Представьте себе ритмы нашей жизни, — а ее время, естественно, может не совпадать с ритмами предметов, которые мы наблюдаем, то есть с ритмами, которые за время нашего наблюдения обнаруживали бы какую-то регулярность своего существования. Подобно, например, движению светил. Время астрономических наблюдений, как известно, превышает время жизни отдельного человека и даже двух-трех поколений. Или, допустим, что могла бы сказать блоха, скачущая по телу слона, о пространственных размерах мира, если допустить, что она умирала бы за то время, что необходимо ей для передвижения от кончика хвоста к его заднице.
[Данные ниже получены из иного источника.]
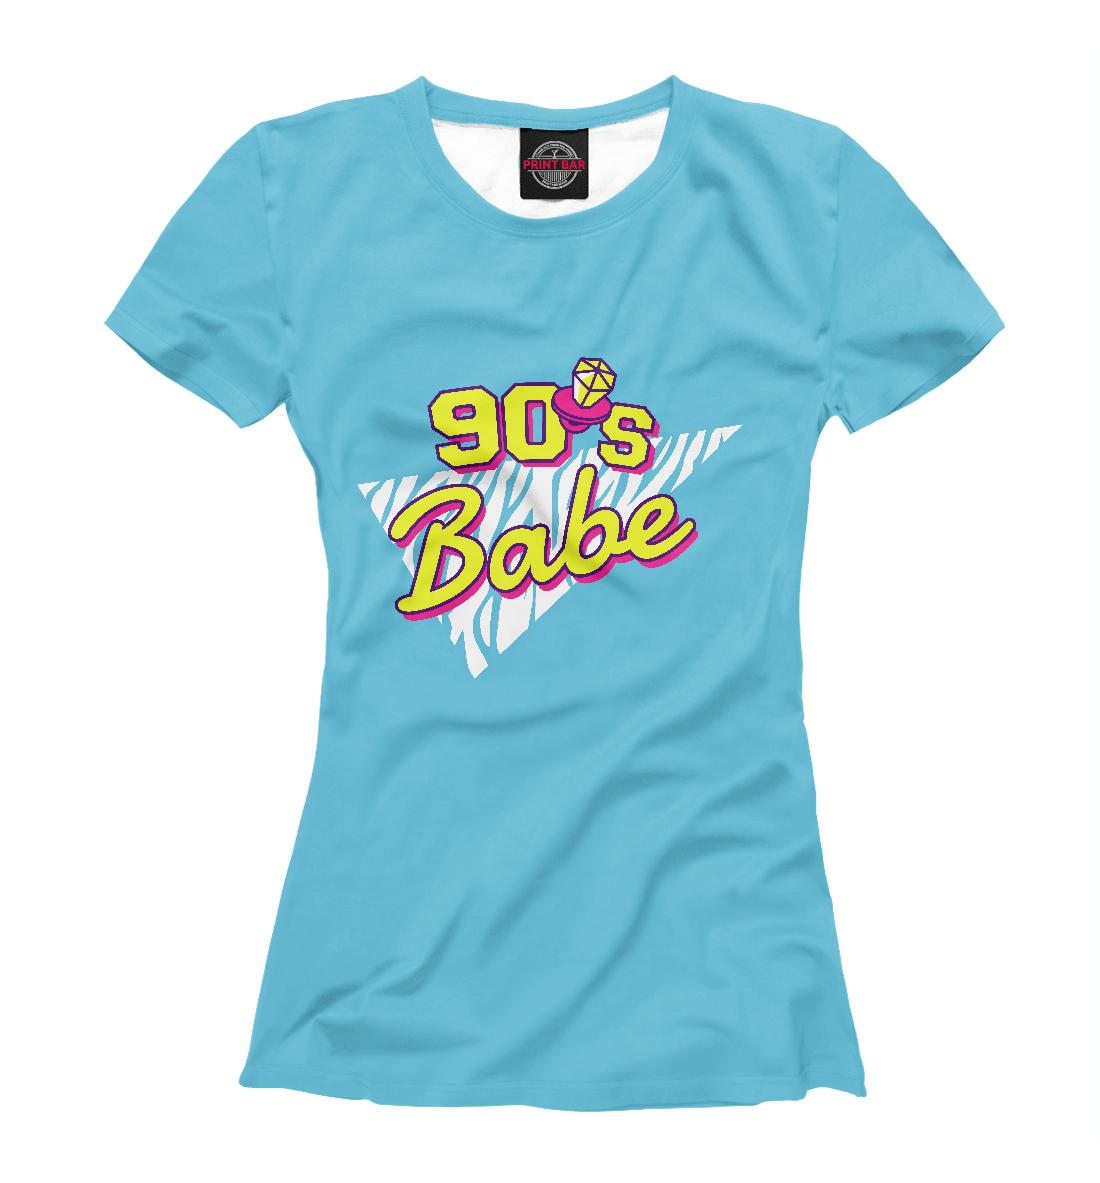 babe 90s Babe

И к тому же она не могла бы передавать сведения другой блохе, которая передвигалась бы уже по спине слона. Такая блоха, конечно, никогда не установила бы понятие размера, поскольку последнее есть фиксация регулярности в повторениях, а здесь время повторений, за которое можно заметить регулярность и измерить слона, не совпадает со временем жизни. Оказывается, что такое измерение или суммирование моментов времени, — чтобы мышление и сознание организовались бы соразмерно времени, за которое регулярность предметного явления поддается обнаружению, — совершается не ментально, а на каком-то предмете: именно он аккумулирует своей организацией наблюдение и представляет вещь, соразмерную по масштабам с наблюдаемыми регулярностями.
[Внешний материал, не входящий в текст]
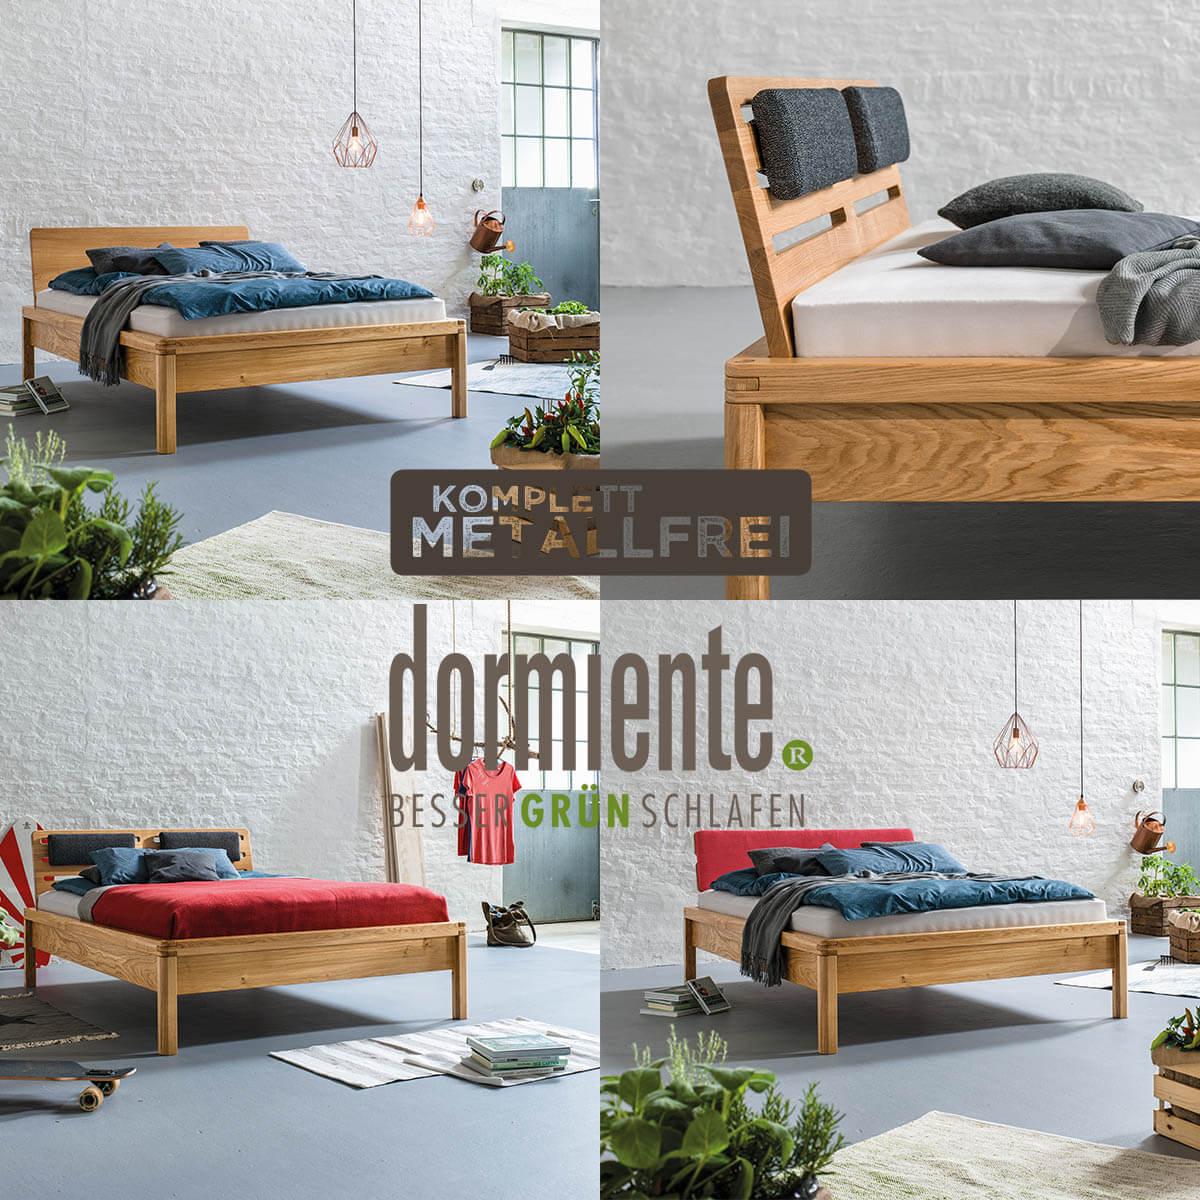 dormiente-Massivholzbett-PIU-komplett-metallfrei-Ambiente

Значит, перед нами существование особых предметов, на которых организуется наша мысль и которые существуют не так, как вообще предметы существуют. Это интеллигибельная материя или умные тела, самим своим расположением показывающие нечто другое. Здесь важен еще один оттенок греческого понимания этого вопроса; он очень хорошо выражен Платоном. В связи с проблемой, казалось бы, эстетической он писал так (Платон говорит о себе как о теле; а, вслушиваясь в Платона, соотносите небо с общиной и т. д.): «Это не для бессмысленного наслаждения дано нам богами.» 36
То есть, не для бессмысленного эстетического наслаждения. Иными словами, греческая мысль состояла в следующем: мы видим так называемые предметы, явления, — а красота тоже явление в том же смысле, что и архаическая астрономическая лаборатория. Предмет, называемый нами красивым, есть тот, который являет собой ум, оставаясь предметом определенного рода, явлением; он, подчеркиваю, — не абстракция, не понятие. Поэтому и красота, по Платону, существует не для бессмысленного наслаждения; например, небо есть число — не число как понятие, а число-тело; оно дано для наведения порядка в беспорядочных движениях нашей души, то есть для воспроизводства или сызнова-рождения каждый раз того, что, представленное само себе, или распадалось бы, или просто не могло бы непрерывно существовать. Тем самым оказывается, что так называемую область эстетики (а мы считаем, что есть якобы какое-то эстетическое мировоззрение греков) греки понимали вне наших психологических и эстетических категорий. Для них предметы искусства не были предметами наслаждения. Спиноза в свое время говорил (повторяя Платона), что человеку вообще нет нужды в совершенстве лошади. Согласно Платону, важно не красивое, не красота лошади, а круглое и квадратное. И Сезанн в начале XX века стремился, фактически, к тому же, создавая произведения живописи из кубов, квадратов и других фигур. То есть предметы, имеющие такие расположения, через которые в человеке воспроизводятся (или впервые создаются и потом непрерывно поддерживаются) некоторые особые упорядоченности мышления или состояния сознания, и эти упорядоченности лишь в случае таких расположений обладают эффектом бесконечности и непрерывности.